Still time III is a version for harp solo (by the composer himself) of Still time II, which he originally wrote for Kugo harp. What you hear is a clock ticking and changing into 2 different speeds during the piece. Again (for me personally) a consoling symbolism of the past period.
The very wide emplacement of the arpeggio’s, the leaps into the low register and not so apparent use of chromatics, makes it clear that the piece was originally not imagined for harp, but precisely this opposition in time -between the ancient Kugo harp and this version for pedal harp- gives this piece it’s immortality.
Ichiyanagi is definitely a composer who gained his inspiration from his own time. His Japanese roots are clearly the core of his oeuvre (he has an impressive list of works for traditional instruments) but experimenting with new techniques was not an exception either.
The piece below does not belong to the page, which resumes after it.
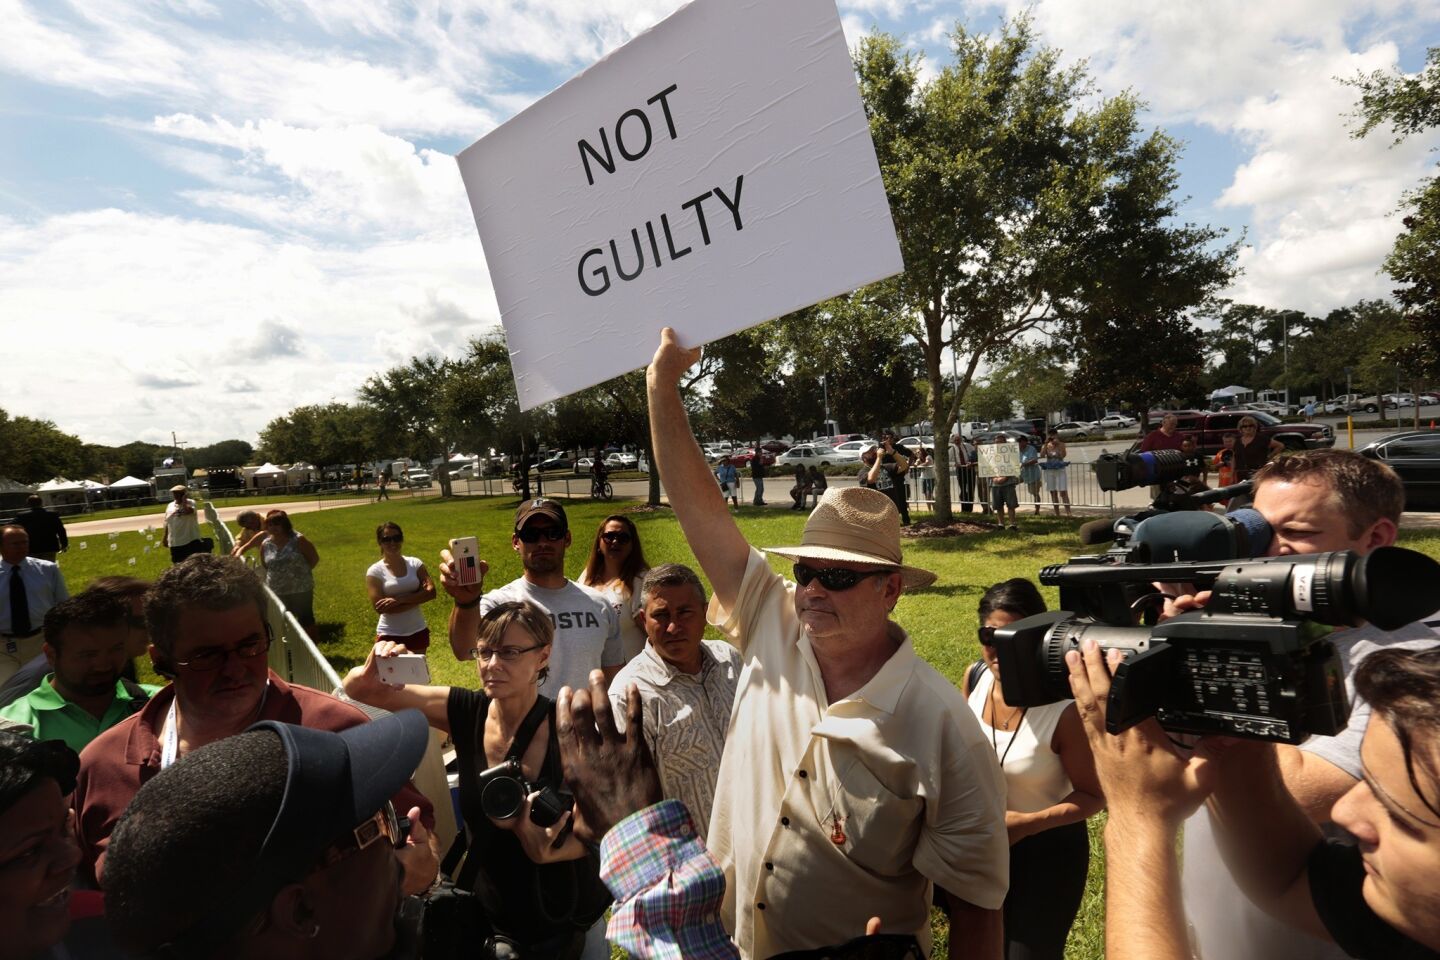 A supporter of George Zimmerman demonstrates outside the courthouse in Sanford, Fla., where a crowd awaits a jurty's verdict. Zimmerman is charged with second-degree murder in the shooting death of teenager Trayvon Marton. Zimmerman contends it was self-defense.

His education at Juilliard showed him the way to the the avant- garde music scene(late 1950s-early 1960s). Together with John Cage and Yoko Ono he performed on many stages from the States to Japan.
His approach to music and especially music notation is extremely intriguing. Some of his scores are utterly abstract, but by contrast highly strong as a statement.
In 1960 he published IBM for Merce Cunningham, based on early IBM computer cards
In his ‘Music for electric metronome’ he uses numbers as instructions for sound, based on chance and interpretation.
How does one start producing art, writing music at a time where the world has become killing ground, where the atomic bomb has swept away your entire cultural history? When I look at these graphic compositions, I see above all an artist that tries to reorganize himself, who tries to heal the wounds and searches for a new starting point.
The importance of this ‘relaunch’ in art was subject of the wonderful exhibition: ‘Drawing, from a Starting Point of Zero’ at the MoMa in New York. In fact, some of Ichiyanagi’s scores are on display in this museum’s online catalogue.
Listening to his music we can only agree that he has succeeded: he has re-established his art and has passed it on to the next generation.